The business groups also complained that tracing the source of any tantalum, tin, gold or tungsten used in their products and then continuously monitoring it throughout their supply chains is impractical and creates an unreasonable financial hardship.

Acting SEC Chairman Mike Piwowar, issued a statement on Friday indicating that in light of the court remand he has accordingly instructed the commission's staff to begin work on a recommendation for future action regarding overall implementation of the conflict mineral rule, “including whether Congress’s intent in Section 13(p)(1) can be achieved through a descriptor that avoids the constitutional defect identified by the court.”
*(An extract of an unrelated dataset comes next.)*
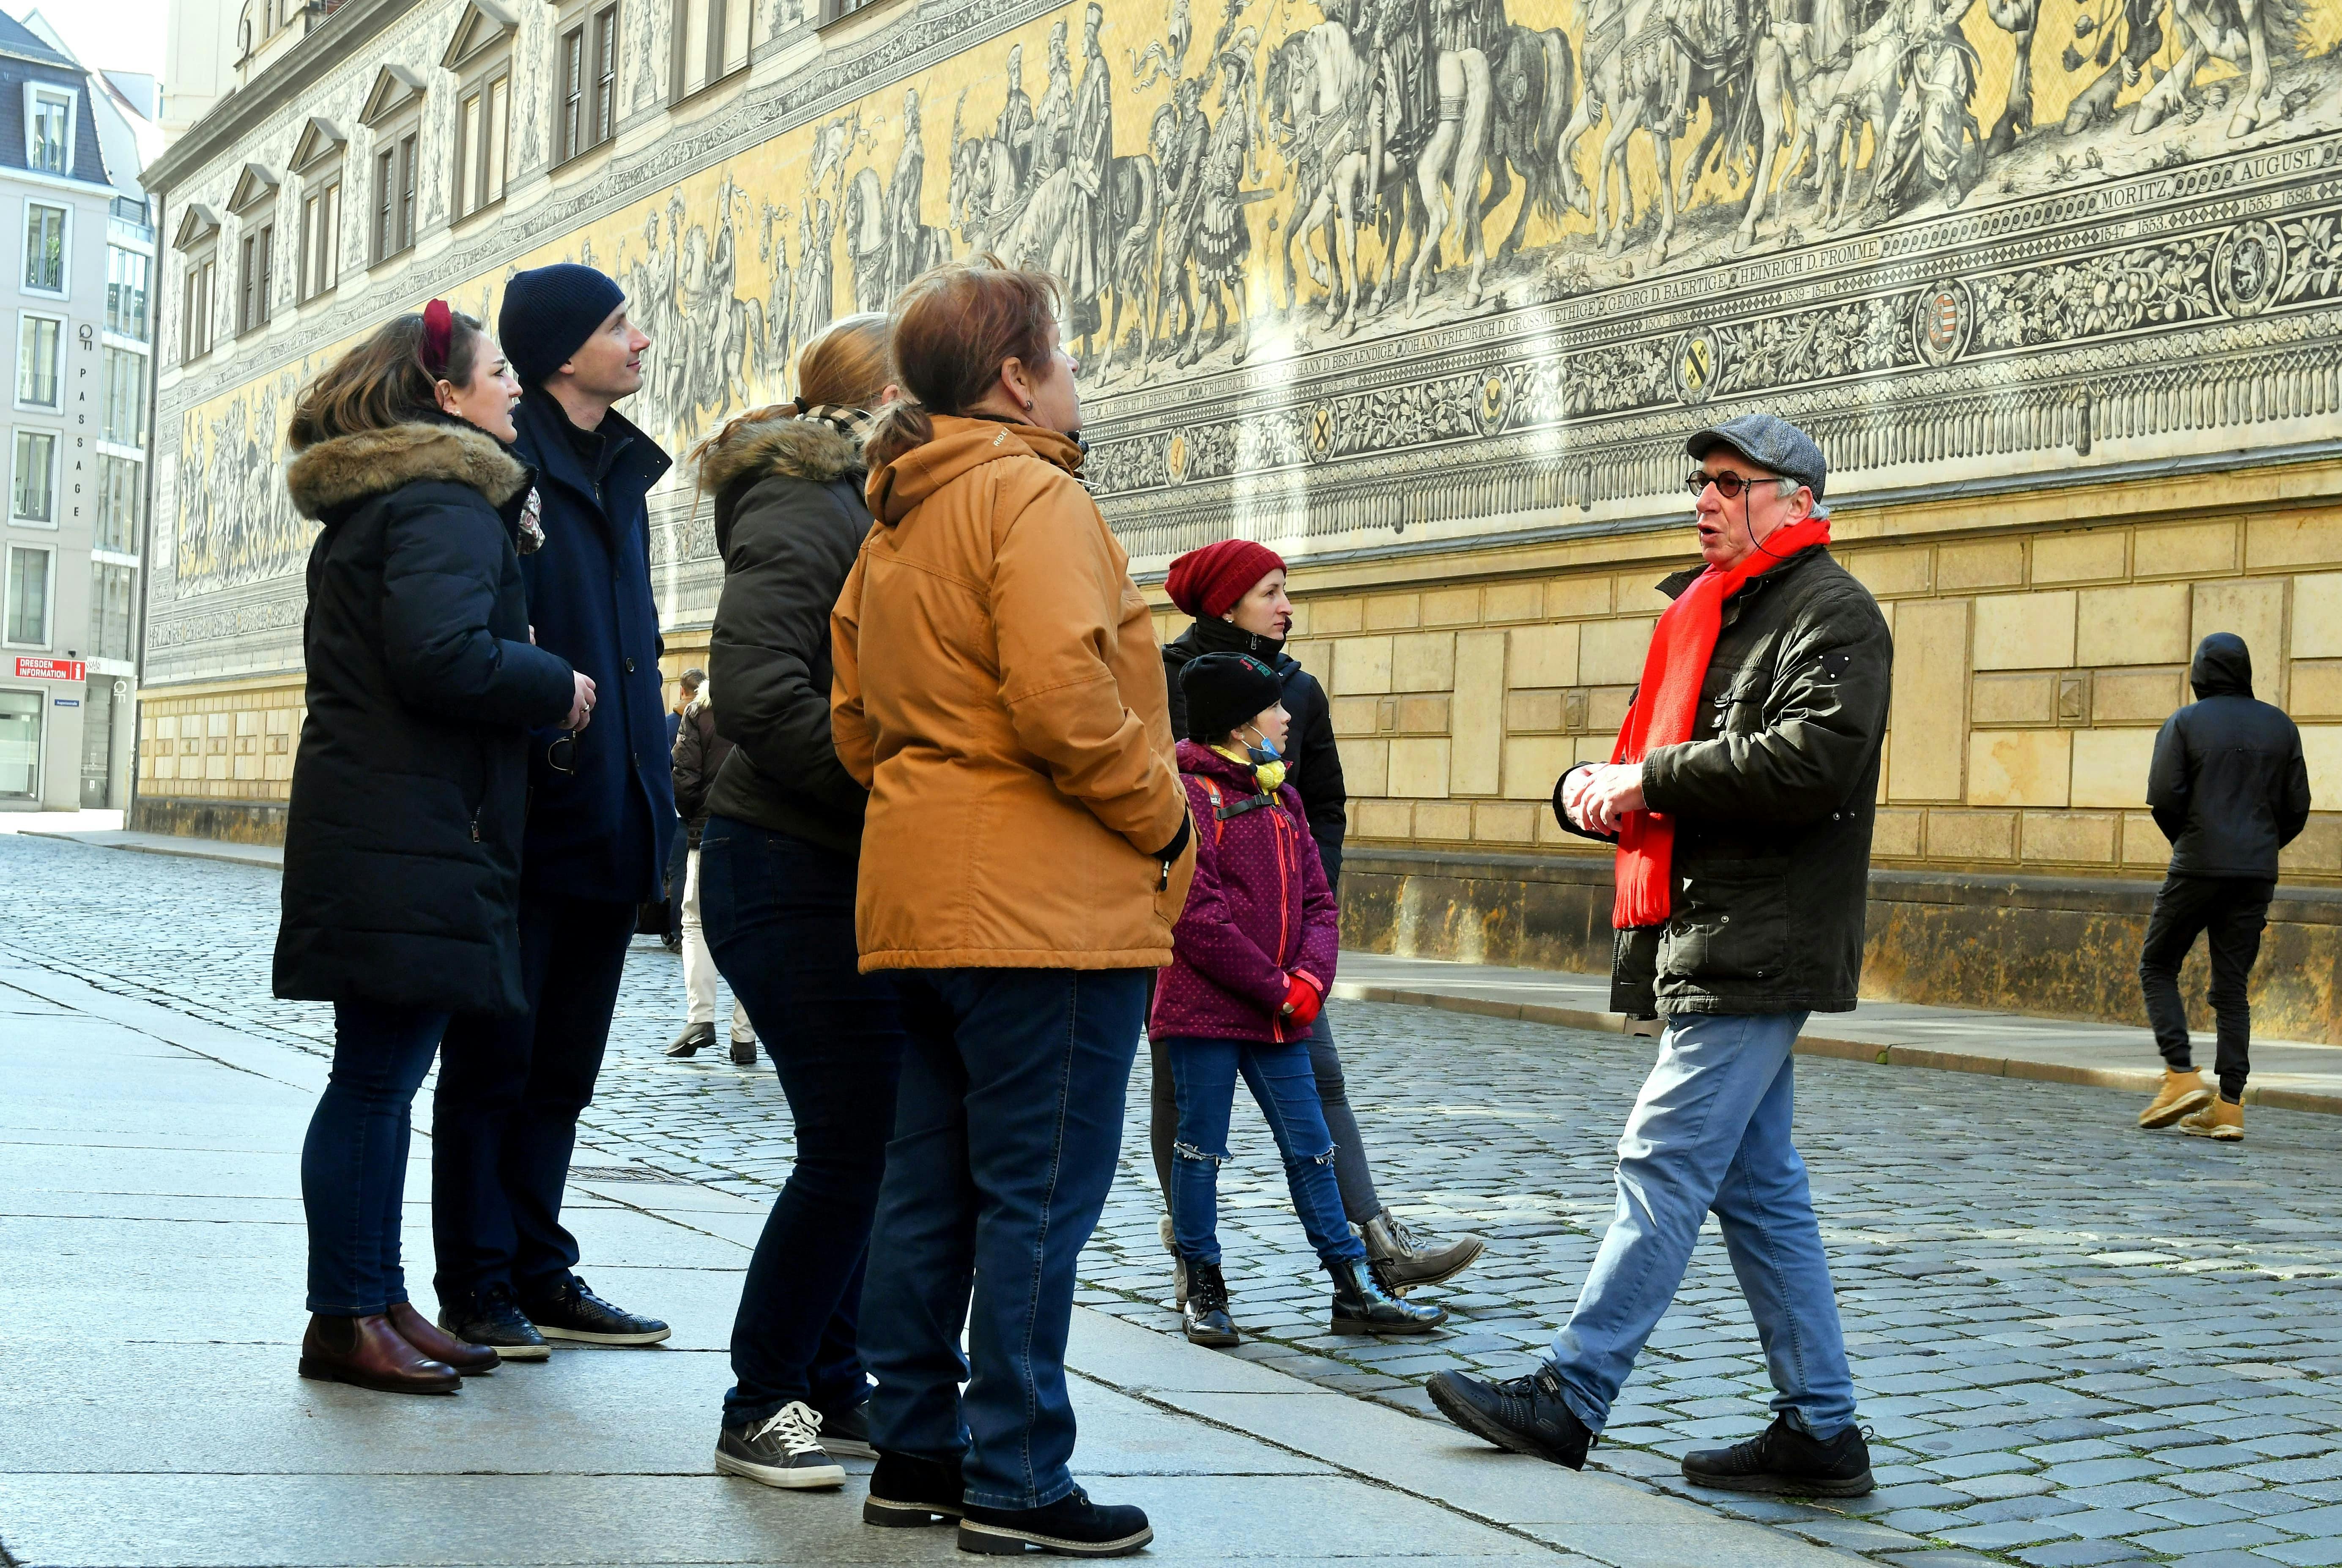 Faszination Dresden- besonderer Stadtrundgang durch die Altstadt

Until such time as “regulatory uncertainties” concerning the rule are resolved, Pinowar said, “it is difficult to conceive of a circumstance that would counsel in favor of enforcing” the “extensive and costly requirements for due diligence on the source and chain of custody of conflict minerals.”  

It should be noted that Piwowar, a Republican nominated to the SEC in 2013 by the Obama administration and recently designed acting head of commission by President Trump, is an outspoken critic of the conflict minerals rule, which he has described as “misguided” and responsible for causing a “tide of unintended consequences washing over the Democratic Republic of the Congo and surrounding areas.”

In a January 31 directive calling for reconsideration of the conflict minerals rule implementation, Pinowar stated that: “The disclosure requirements have caused a de facto boycott of minerals from portions of Africa, with effects far beyond the Congo-adjacent region. Legitimate mining operators are facing such onerous costs to comply with the rule that they are being put out of business. It is also unclear that the rule has in fact resulted in any reduction in the power and control of armed gangs or eased the human suffering of many innocent men, women, and children in the Congo and surrounding areas. Moreover, the withdrawal from the region may undermine U.S. national security interests by creating a vacuum filled by those with less benign interests.”

Although regulated companies will not need to conduct a due diligence review or an audit until the commission’s guidance on the conflict minerals rule is settled, they will still be required to perform Reasonable Country of Origin Inquiries (RCOIs) to demonstrate conformance to the OECD’s Due Diligence Guidance for Responsible Supply Chains of Minerals from Conflict-Affected and High-Risk Areas, or compliance to the Dodd-Frank Act, as they have been doing since the partial stay in 2014.